Abbreviations: CI, confidence interval; IQR, interquartile range; OR, odds ratio; SD, standard deviation.

Unadjusted analyses for KS

Unadjusted analyses confirmed an increased risk of KS among patients with the known risk factors (Table 1). Unadjusted ORs were significantly increased for vitamin D, topiramate as medication history, hypertension, obesity, dyslipidemia, gout, regional enteritis, osteoporosis, hyperparathyroidism, hypercalcemia, acidosis, bariatric surgery, sarcoid as disease histories, and tobacco use as behavioral history. Unexpectedly, the unadjusted OR was also significantly increased for thiazide use, which is generally recognized as a protective agent against KS. In terms of comorbidities related to hyponatremia, the unadjusted OR was significantly increased for both liver cirrhosis and heart failure. In addition, the risk of KS increased in all hyponatremia categories: prior hyponatremia OR 1.09 (95% CI, 1.01–1.17, P = 0.03); recent hyponatremia OR 2.22 (95% CI, 1.94–2.54, P < 0.001); persistent hyponatremia OR 7.00 (95% CI, 3.72–13.2, P < 0.001) (Table 1).

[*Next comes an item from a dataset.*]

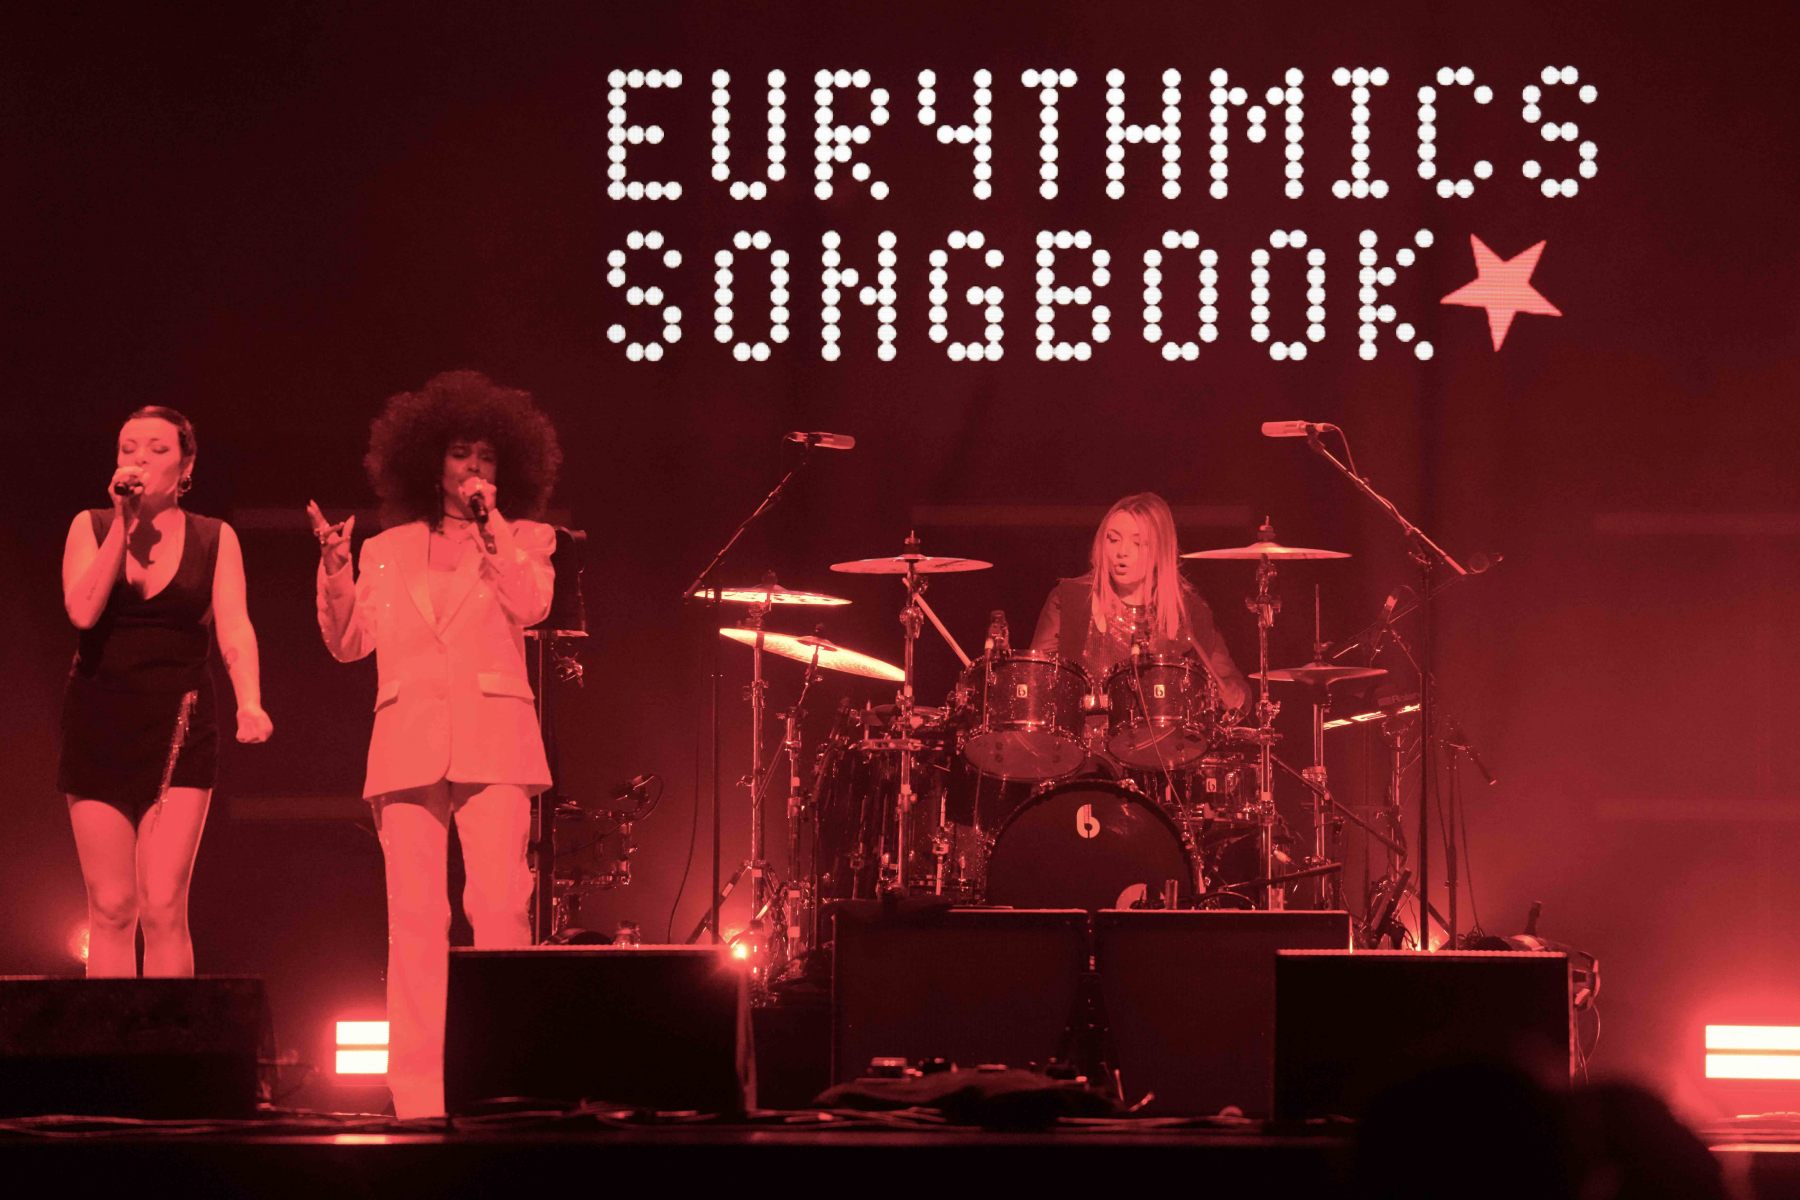 26.11.2023 Dave Stewart Eurythmics Songbook | Sweet Dreams - 40th Anniversary Tour 2023 in der myticket Jahrhunderthalle Frankfurt.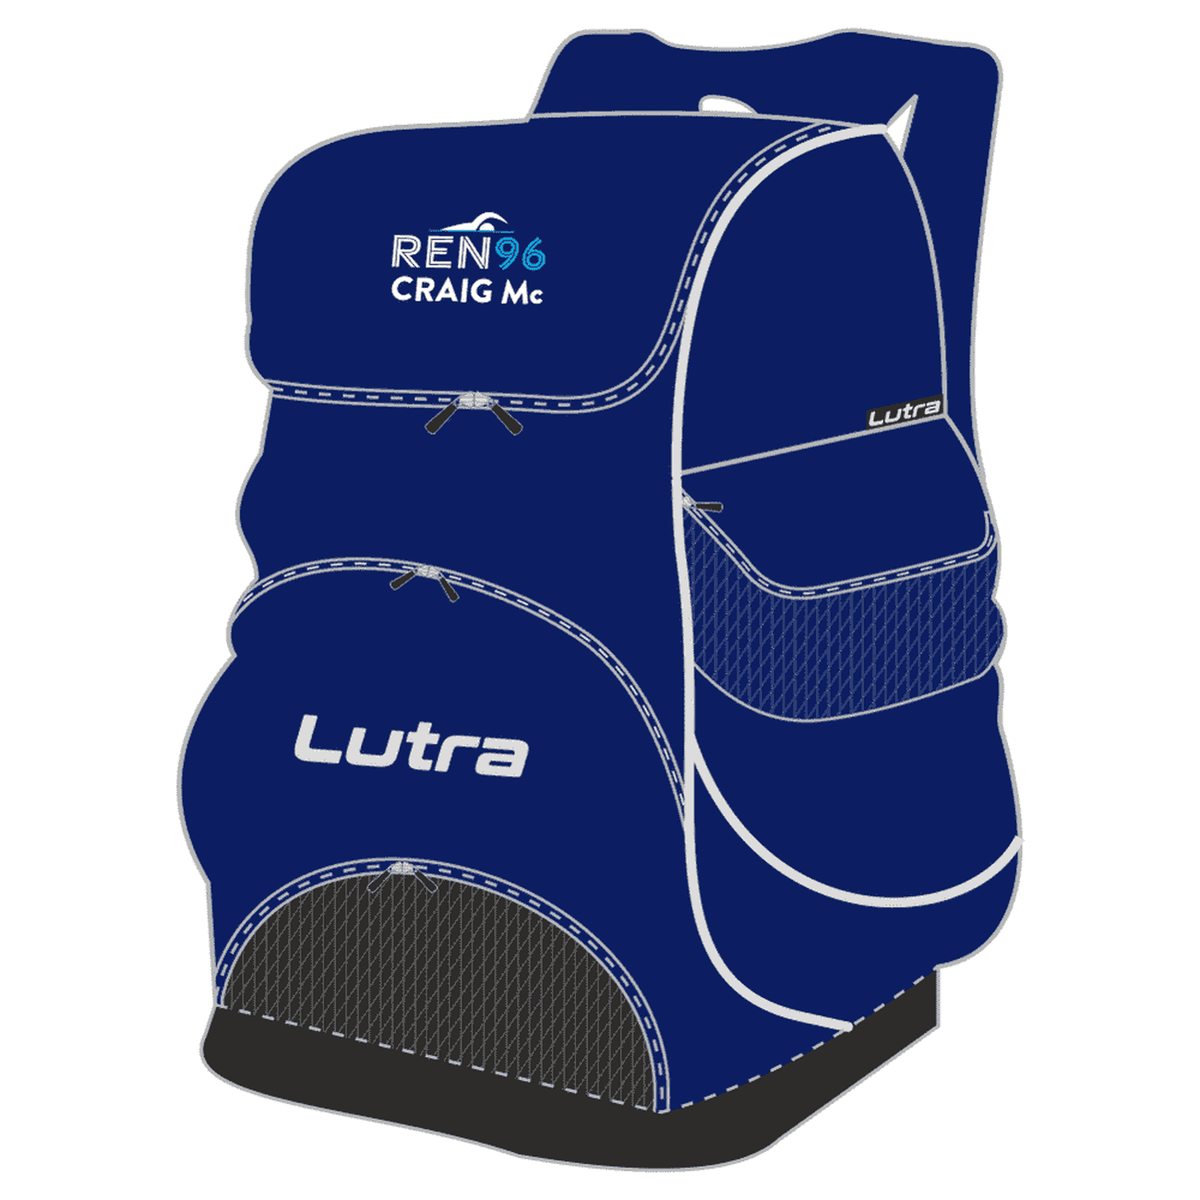 REN96 Swim Team - Lutra Premium Team Backpack 45 litre - Navy

Conditional multivariable logistic regression models for KS

Results of the conditional multivariable logistic regression models for KS are presented in Table 2 and Figs 3 and 4. All three models presented include all the covariables and comorbidities, but differ only in the type of hyponatremia variable: model 1 includes prior hyponatremia, model 2 includes recent hyponatremia, and model 3 includes persistent hyponatremia variables. Fully adjusted ORs were significantly increased for hypertension, obesity, dyslipidemia, gout, regional enteritis, osteoporosis, hyperparathyroidism, hypercalcemia, acidosis, bariatric surgery, sarcoidosis as disease histories, and tobacco use as behavioral history, and significantly decreased for furosemide as medication history and alcohol use as behavioral history. Different from the unadjusted OR, however, the fully adjusted OR was not significantly increased for thiazide use. For comorbidities related to hyponatremia, the adjusted OR significantly increased for liver cirrhosis, but not for heart failure (Table 2 and Fig 3). The model with prior hyponatremia (model 1) had a nonsignificant OR of 0.927 (95% CI 0.86–1.00, P = 0.06). However, a significantly increased OR of 2.018 (95% CI 1.76–2.32, P < 0.001) was found for the model with recent hyponatremia (model 2), and a significantly increased OR of 6.254 (95% CI 3.27–11.96, P < 0.001) was found for the model with persistent hyponatremia (model 3) (Table 2 and Fig 4).

Table 2

Fully adjusted odds ratios for the study (including thiazide in the variables).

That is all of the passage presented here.